Y=Positive (Has thyroid disease)

4.2 Parameters Settings

Before inputting the attributes into the ARM algorithms, pre-processing of the input variables was conducted for both datasets. This study follows a rigorous mechanism for the experimental implementations. Specifically, the dataset has been processed with the following requirements:

  • Instances with any missing values were removed.

  • Numerical variables were discretized and assigned with distinct values.

  • Different class of thyroid disease was split for knowledge extraction separately (i.e., healthy and sick groups were analyzed separately).

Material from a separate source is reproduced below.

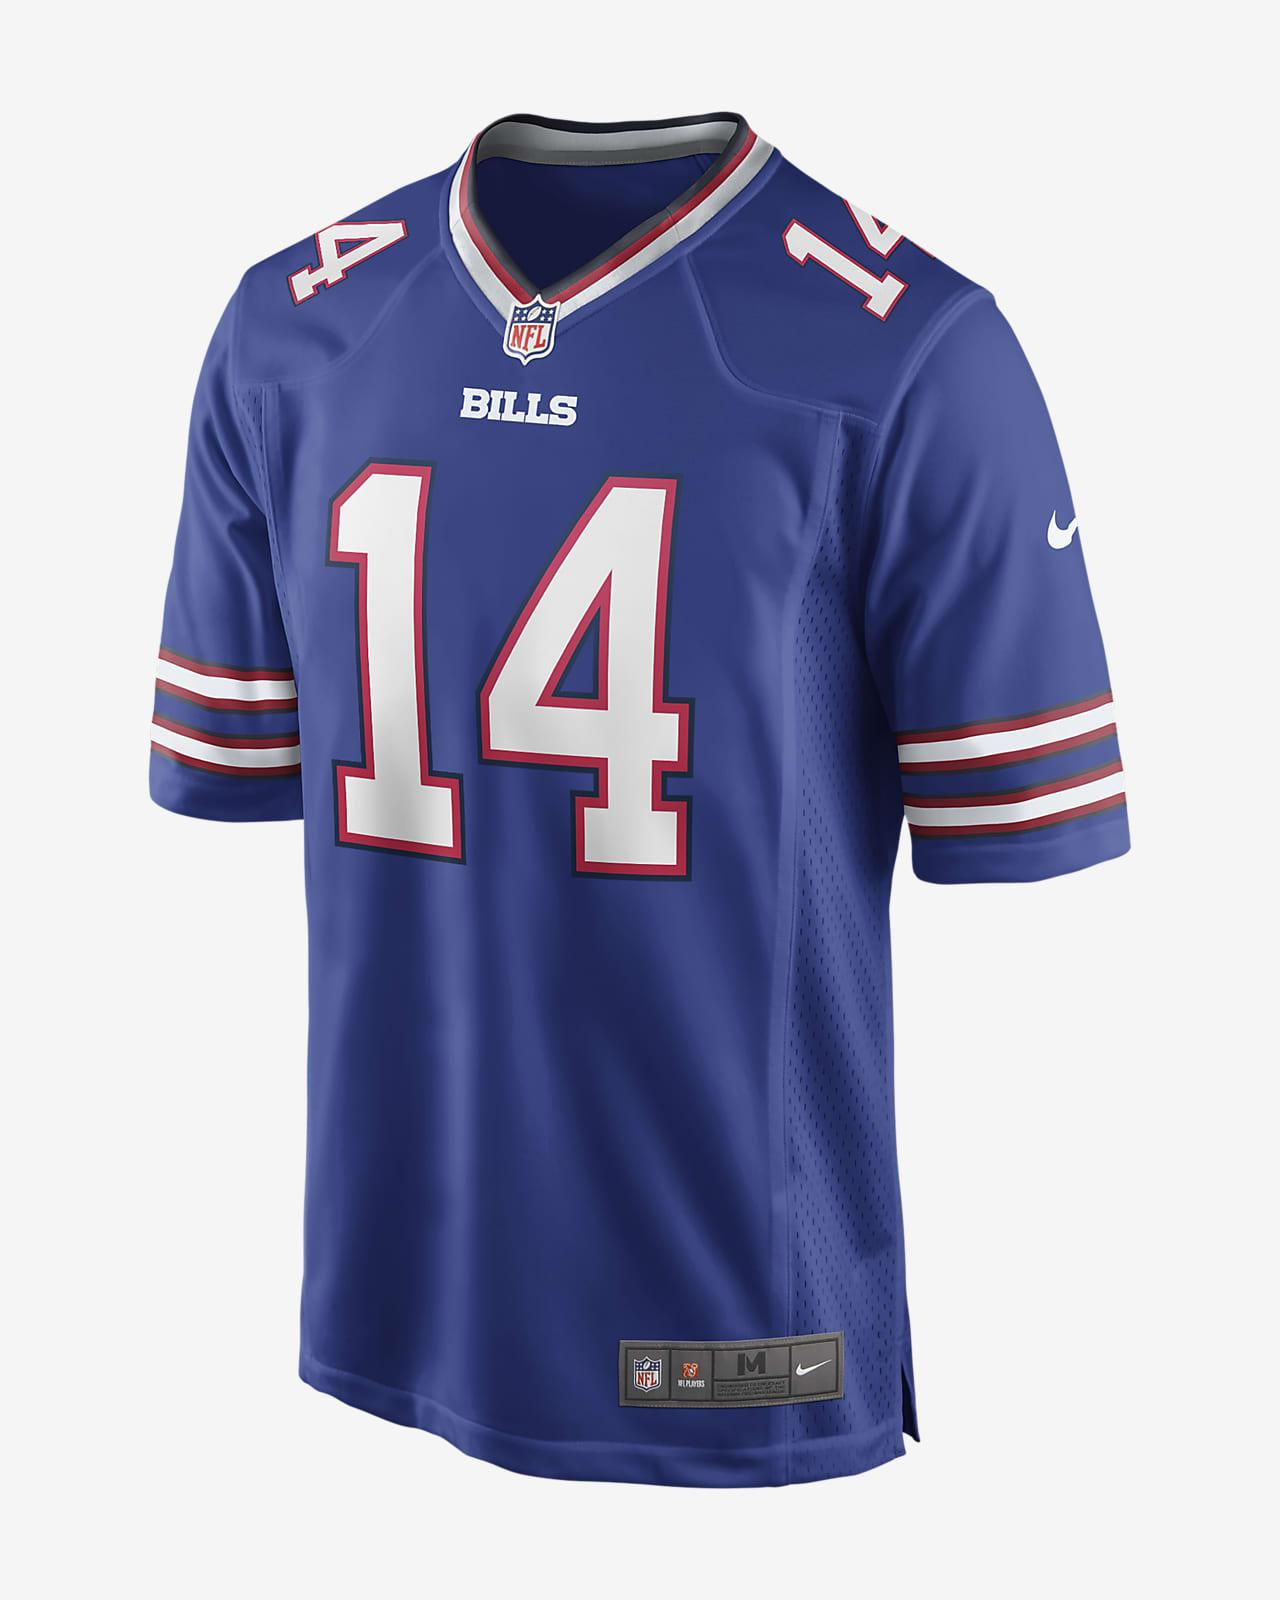 Jersey de fútbol americano para hombre NFL Buffalo Bills (Stefon Diggs)

Furthermore, in order to better ensure the fairness and equity of the extracted knowledge from the two algorithms, the support and confidence thresholds were set to 0.6 and 0.9, respectively, for both datasets during the association rule mining implementation stage.

5 Results

Following the procedures demonstrated in the proposed framework, the rules extracted by the Apriori and the FP-Tree algorithms were compared and analyzed. Based on our analysis, the Apriori and the FP-Growth Tree algorithms produced similar results. Therefore, only the mutual rules from both algorithms were selected and exhibited in this study. And this section displays the extracted mutual rules.

5.1 Dataset-I Results

Based on the analysis of the 21 features from the sick thyroid dataset, Table 3 exhibits the extracted rules for both healthy and sick groups of patients. Specifically, in the healthy group, a history of I131 treatment plays a significant role in determining the current status of thyroid disease. When the target patients have no history of I131 treatment or hypopituitary, they are less likely to be diagnosed with thyroid disease with a support value of 0.98 and a confidence value of 1.00. Besides, when the instance has no history of I131 treatment or hyperthyroid, he/she is very likely to be in the healthy group with a support of 0.92 and confidence of 1.00.

Table 3.

Dataset-I Thyroid Disease Dataset Results.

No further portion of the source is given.